The French are exasperating because they are right about things that the rest of us have quietly abandoned. They are right that food matters. They are right that language matters. They are right that culture is not merely entertainment. They are right that the public realm should be beautiful. They are right that the life of the mind is a dignified vocation. They are right that pleasure is not trivial. They have also, in defending these convictions, often been wrong in serious and damaging ways – wrong about empire, wrong about assimilation, wrong about the universality of what was sometimes only a national style dressed in the language of humanity. But they have not been wrong about everything. And they have been right about much that the rest of us have stopped even trying to defend.
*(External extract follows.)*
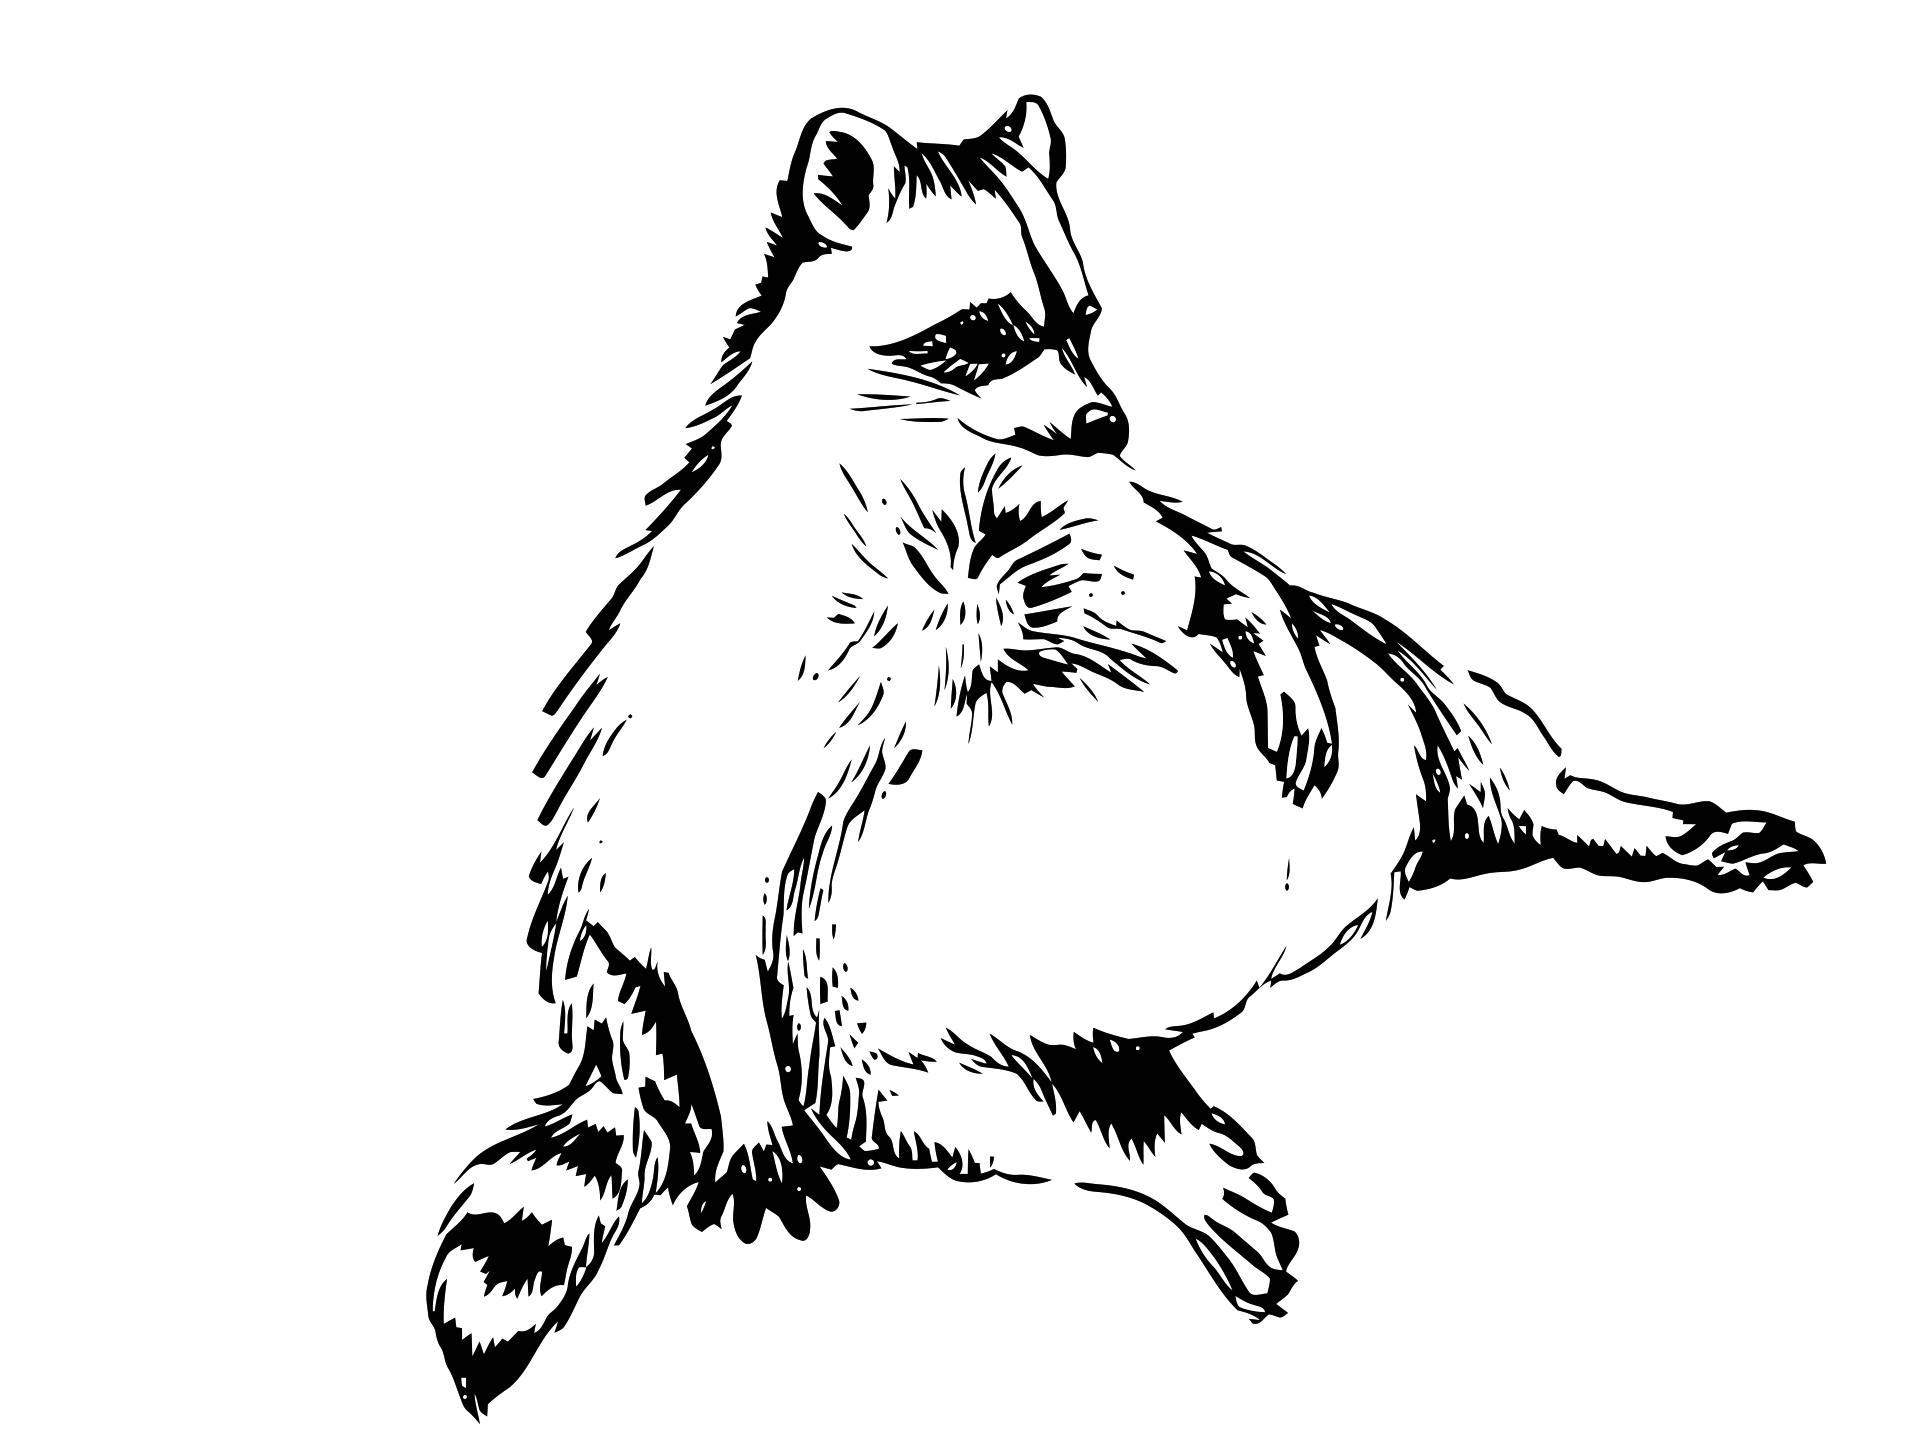 Drawn raccoon simple Vectorized fat your raccoon drew

At the end of this survey I find myself where I began: a man of mixed heritage – Indigenous, French and Jewish, Australian by formation, cosmopolitan by temperament – reading books about a country I sometimes call home and a people I know well but have never entirely understood. In them I found something that confirms what I have long believed: that culture is serious, that beauty is serious, that how to live is the most serious question of all. France has not answered that question. No country has. But France has refused, with a stubbornness that is at once its greatest virtue and its most persistent fault, to stop asking it. My uncle Raphaël taught me that. He learned it the hard way.
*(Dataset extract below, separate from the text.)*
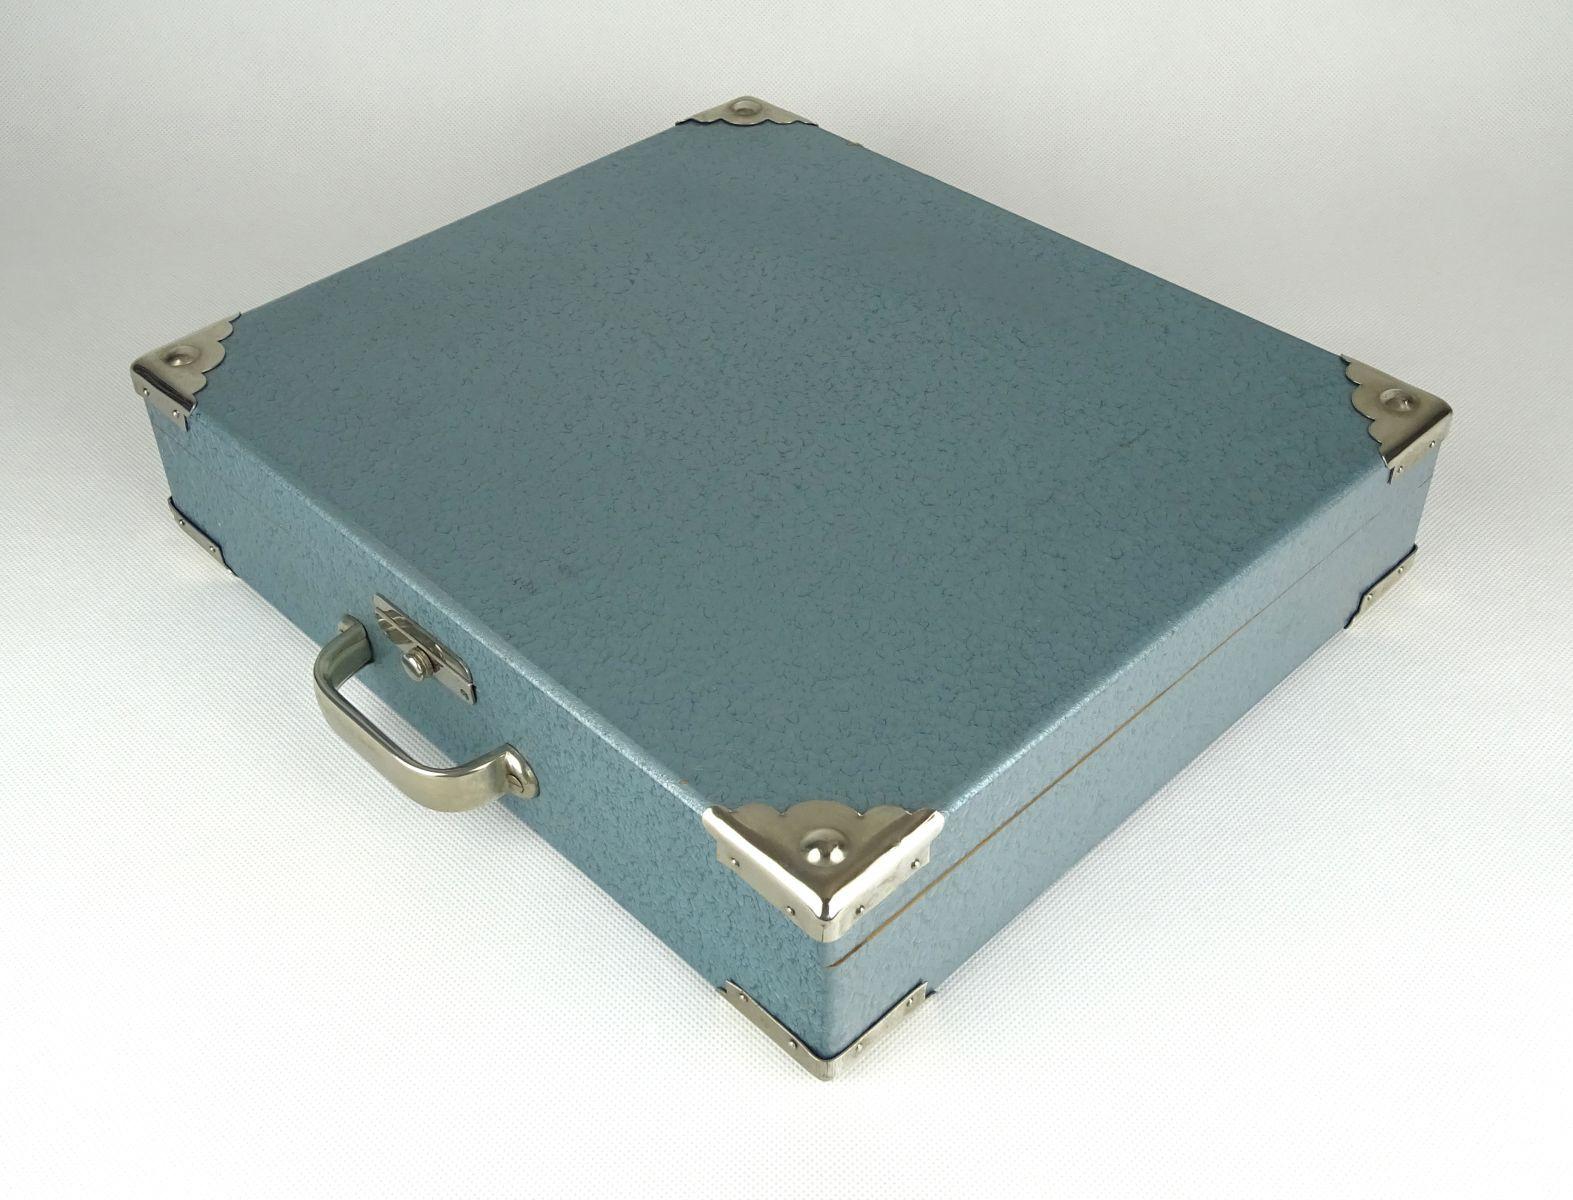 DSC03560.JPG (1573×1200)

X. A Last Word from the Arrondissements
Pierre-Louis Colin’s guide to the women of Paris is, in the end, a love letter – eccentric, immodest, dated, and very French – to the city itself. Its premise is that beauty, encountered in the quotidian, in the street and the cafe and the garden, is not merely decorative but essential: essential to a city’s claim to be a city, essential to a culture’s claim to take life seriously, essential to a civilisation’s claim to have thought hard about what human life is for.
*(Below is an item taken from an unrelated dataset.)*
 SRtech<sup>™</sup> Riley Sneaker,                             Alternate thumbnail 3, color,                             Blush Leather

Whether Colin was right about which arrondissement offers the finest legs, I am not in a position to say. My wife – who has read this essay in draft, and whose marginal annotations I will spare you – has made her views on the matter perfectly clear. But I note that she has not objected to any of the other nine sections, which suggests that the argument survives the removal of the empirical fieldwork. A French critic would no doubt insist that the fieldwork was the best part. He would probably be right. He would certainly be right that he was right.
France, for all its arrogance, its dogmatism, its historical sins, and its extraordinary capacity to irritate the world while simultaneously enchanting it, remains what it has always been: the country that insists, with the full weight of its history and its culture, that the good life is possible, and that it has some idea of what the good life looks like. It is this insistence, more than the food, more than the wine, more than even the women of any particular arrondissement, that explains the fascination – and that ensures the shelves will continue to groan with books about a people who refuse, with magnificent stubbornness, to be anything other than entirely, exasperatingly, irreducibly themselves.
Even my wife admits the food is extraordinary. We agree to disagree about everything else. It is, in its own small way, a very French arrangement. Raphael, I think, would have approved of her. He had very high standards for both the table and the argument. She meets both.